The first tank top will be something like the white top you can see in the second picture above, by Sveta Dresher. It is a simple (but very, very cute one) with no darts (at least I cannot see any) and cut in an A-line with a square neckline.

The starting point is the sloper (by Bunka, read more about it in a last week post). In this particular example we will not modify the sloper, we will use it to trace the new pattern on pattern paper (light brown paper you can see in the picture below). The steps we need to do are (for both front and back):

  1. get rid of the dart;
  2. add length (sloper goes only down to the waist - but you knew that!), and
  3. change the the neck and arm openings.

Darts that need to be removed are drawn in red - the back shoulder dart and the front bust dart.
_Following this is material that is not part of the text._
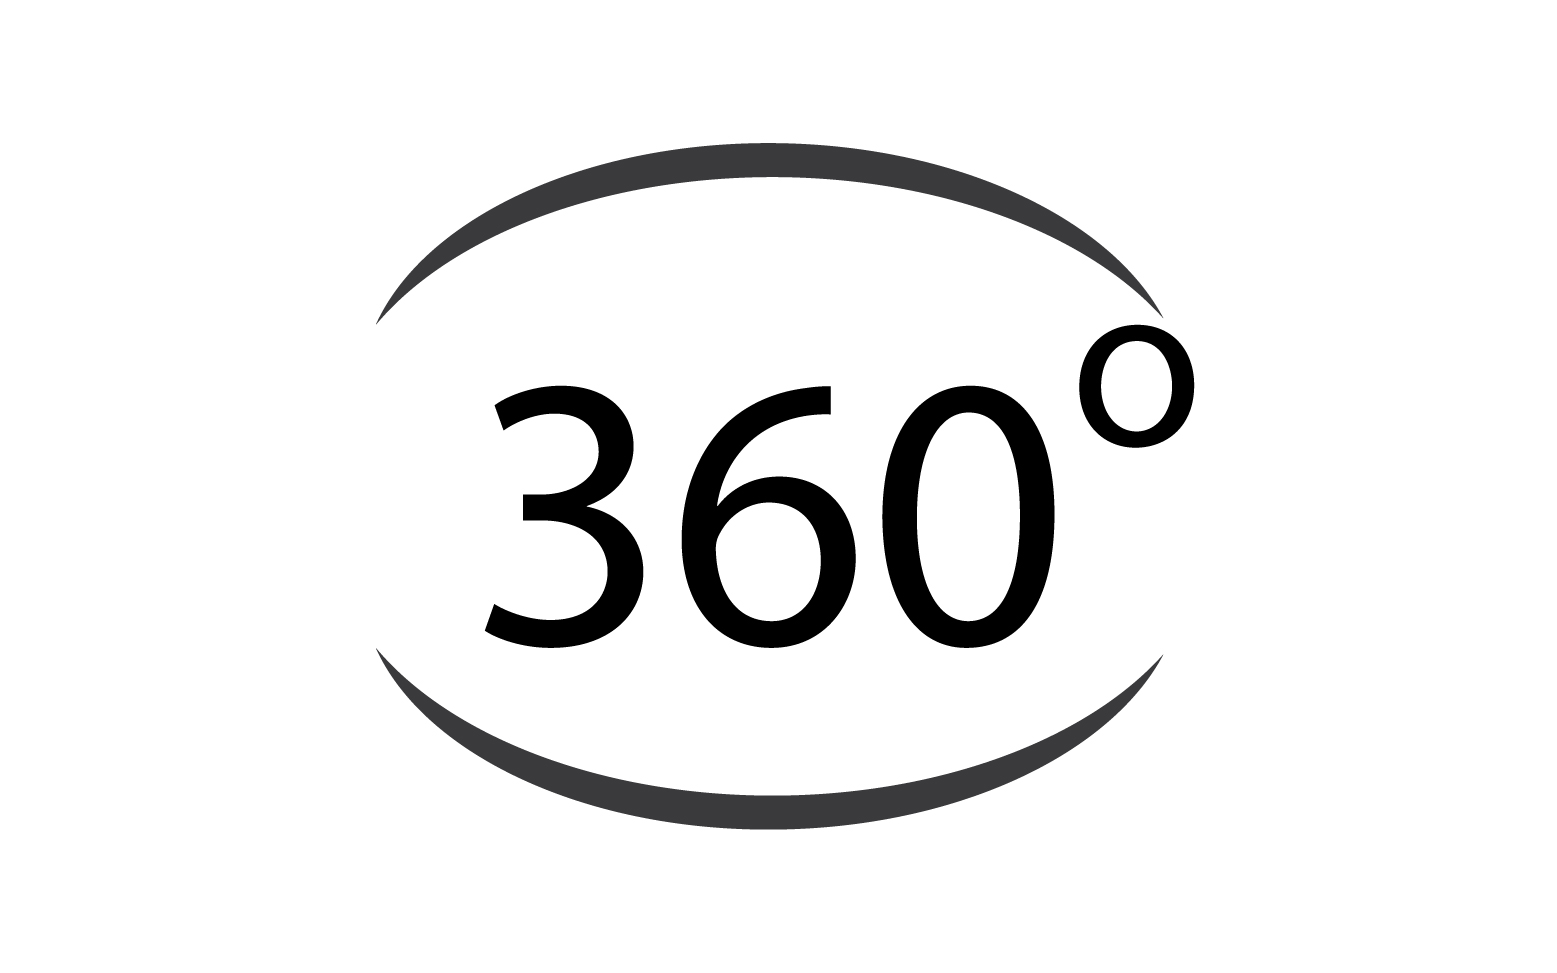 360 degree angle rotation icon symbol logo version v48

The waist shaping darts are going to be simply ignored - they will stay open and will add the volume for this design.


First, place the front sloper on the paper and mark points A and B as you can see here. You can also trace the sloper onto the paper from point A up along the arm opening, the shoulder seam, around the neck opening and down to the waistline. Mark the waistline because you will need it to add the length later. This is what the beginnings of your pattern will look like:

Now, place the sloper back, put a pin through the bust point and rotate (around the pin, clockwise) the sloper such that point B (on the sloper, which is basically the lower line of the dart) aligns with point A. What this does, is closes the dart and "moves" it to the waistline.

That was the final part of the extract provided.